Determining the possible time interval between two sine waves

1. Feb 1, 2013

randoreds

ok I just got stuck half way into a problem, I would like it if someone explained it!

Ok the question says, two identical sinusodial waves with a wavelength of 3.0 m and traveling in the same direction with a v of 2m/s. Starting from the same point, just the second waves starts later. and the amplitude of the resultant wave is the same as each of the initial waves.

Find the min. time interval between the two waves

So, I would suppose I would need the phase difference, so I found it and it is 2/3 pi. now I asked my teacher and he said to use this equation to find the time interval.

T/3 = 1/3f

so I get I would just sub for f with v and wavelength

what I don't get is the 3. I see it comes from my phase difference, but could someone explain that a little further. Like what if my phase shift was 4/5 pi? would the equation become T/5 =1/5f ?

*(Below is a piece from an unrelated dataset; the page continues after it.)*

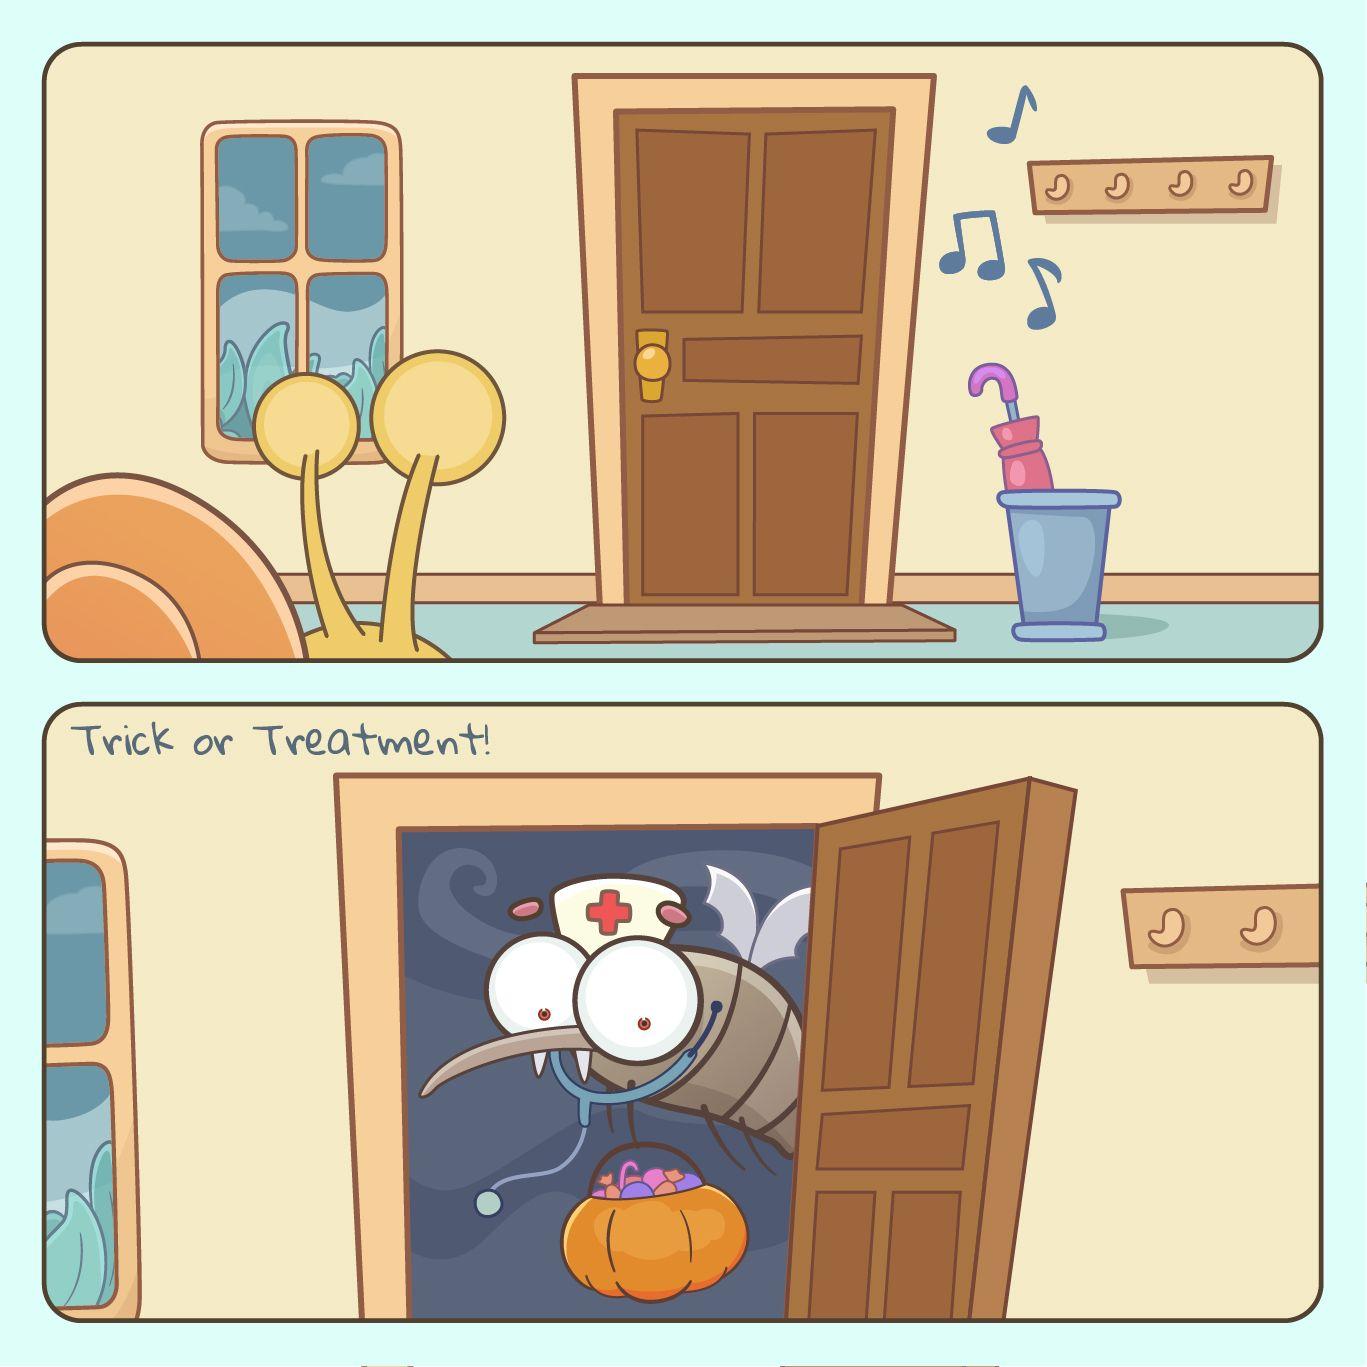 #trickortreatment #trickortreating #spooktacular #octoberfun #halloweencandy #ilovehalloween #vampirecostume #draculacostume #halloweencomic #halloweencomics #halloweenlooks #halloweeninspo #spookyseason #halloweenlife #falldecorating #shortcomic #comicstrip #halloweeneve #thisishalloween #candycorn

because I don't really get where the two goes and how I would know to put a 3 under T

Last edited: Feb 1, 2013
2. Feb 1, 2013

rollingstein

I see emptiness....

3. Feb 1, 2013

Fixed it!

4. Feb 1, 2013

Staff: Mentor

You know that 1 cycle corresponds to 2 radians.
So then x cycles correspond to (2/3). Find x.

5. Feb 1, 2013

haruspex

Yes, period = 1/frequency, and you can calculate the frequency from wavelength and speed. What remains is to say what one whole period corresponds to in terms of phase, and what fraction of that is the phase shift you found.

6. Feb 2, 2013

randoreds

T

Thanks, I think I get it. just to be sure. Theoretically if I found the phase shift to be 3/5 pi and all the other variable were the same as in the problem. My T would be 2/5 T because one sine wave is 2/5 pi ahead of the other, right?

7. Feb 2, 2013

haruspex

No. Try answering my question first: what, in radians, would a phase shift of a whole period be? Then, what fraction of that would 3/5 pi be?